# Easter stuffed lamb (kind of like a haggis)



## atomicsmoke (May 3, 2016)

We do this for Easter (orthodox); sometimes we stuff everything in lamb caul fat. But that would not have been enough for the big crowd we had for Easter dinner.

Got lucky this time: lamb came with all organs (except kidney): heart, lungs, liver, spleen, even thymus. Saved thymus for sweetbreads and cooked/stuffed everything else. Along the organ meat there were plenty of herbs, green onions, raw and hardboiled eggs, little lard and less than a slice of dried bread.

[ATTACHMENT=2784]_20160501_140505.JPG (2,167k. JPG file)[/ATTACHMENT]

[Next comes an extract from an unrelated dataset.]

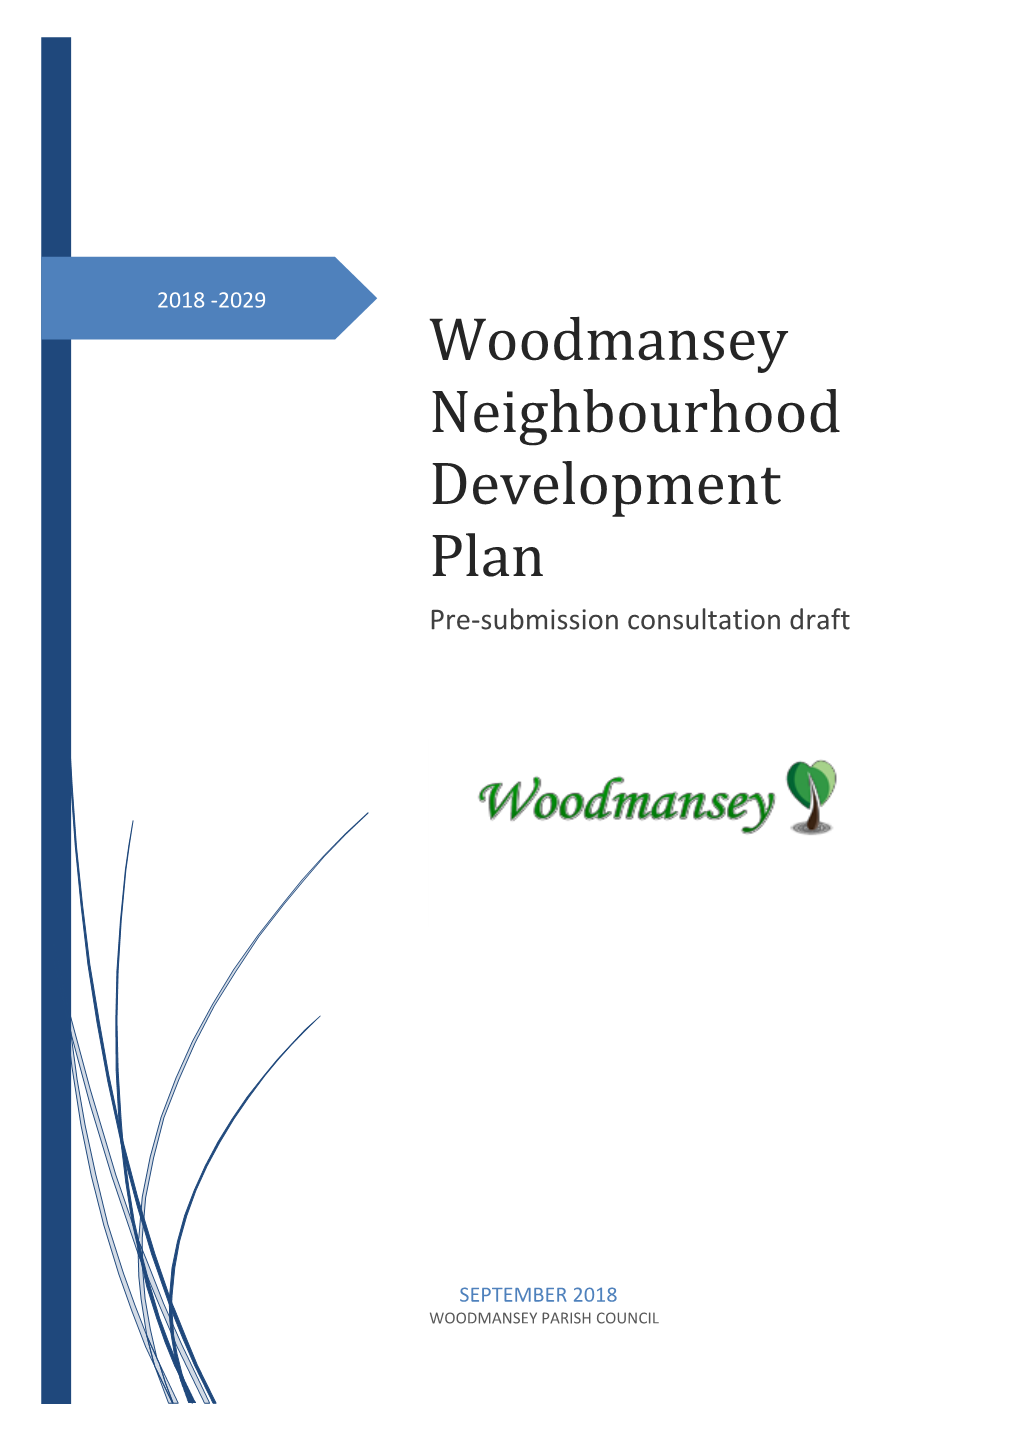 Woodmansey Neighbourhood Development Plan Pre-Submission Consultation Draft

[ATTACHMENT=2785]_20160501_140538.JPG (1,136k. JPG file)[/ATTACHMENT]


----------



## atomicsmoke (May 3, 2016)

Posting pictures from the desktop site (using a phone) is a pain. Hope the mobile picture feature gets fixed soon.


----------



## SmokinAl (May 3, 2016)

Looks delicious!

Al


----------



## chef jimmyj (May 3, 2016)

Looks good to me but that would not fly with my family. They are not into Offal...JJ


----------



## pc farmer (May 3, 2016)

WOW. That looks fantastic.


----------



## pc farmer (May 3, 2016)

WOW. That looks fantastic.


----------



## foamheart (May 3, 2016)

Thats a beautiful picture. I would love to try it!


----------



## atomicsmoke (May 3, 2016)

Thank you fellows. It's ironic: no one in my family other than me likes lamb or organ meat. Yet everyone loves this stuffed lamb (which has both). I guess it's the fact is a traditional dish, we've been doing it forever.


----------



## atomicsmoke (May 3, 2016)

Forgot to give you an idea on the size of those slices. The serving tray is 12" across. The first slice is about 5" high.


----------



## moikel (May 4, 2016)

I love it!


----------